What to do: Quote the listing in full, exactly as given, minus any pictures.

━━━━━ Data shown

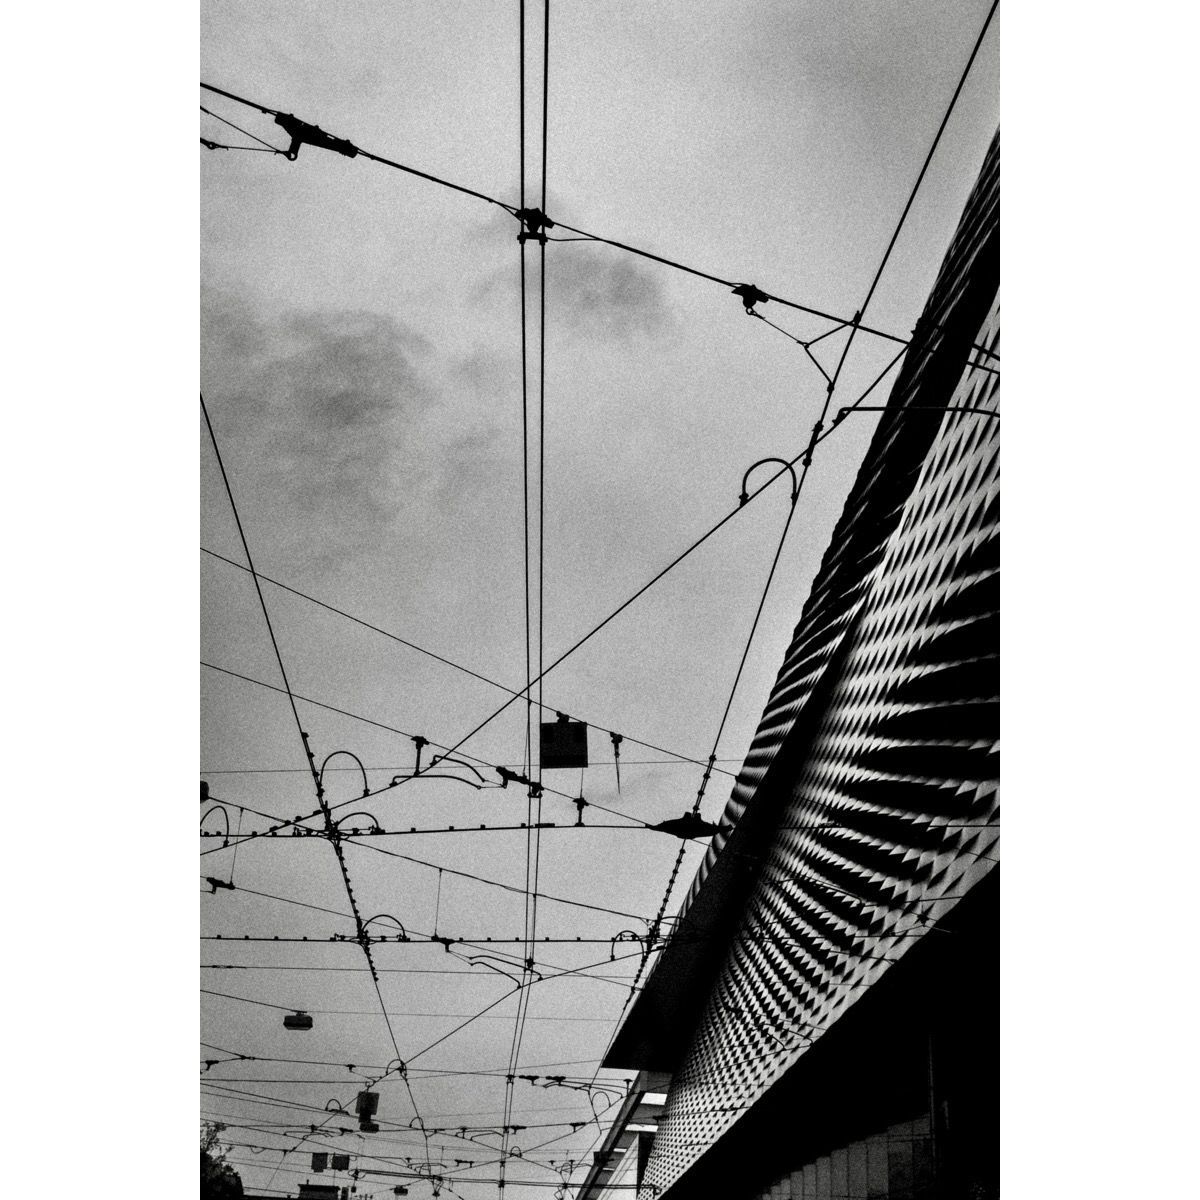 📷
ENTRELACS / INTERLACING
•
#paysageurbain #cityscape #photographe #photographer #photographie #photography #noiretblanc #blackandwhite #nb #bnw #photographyisart #poetryisnotdead #photoartistry #storytelling #art #cables #wires

━━━━━━━━━━

Output of the exercise:
 📷
ENTRELACS / INTERLACING
•
#paysageurbain #cityscape #photographe #photographer #photographie #photography #noiretblanc #blackandwhite #nb #bnw #photographyisart #poetryisnotdead #photoartistry #storytelling #art #cables #wires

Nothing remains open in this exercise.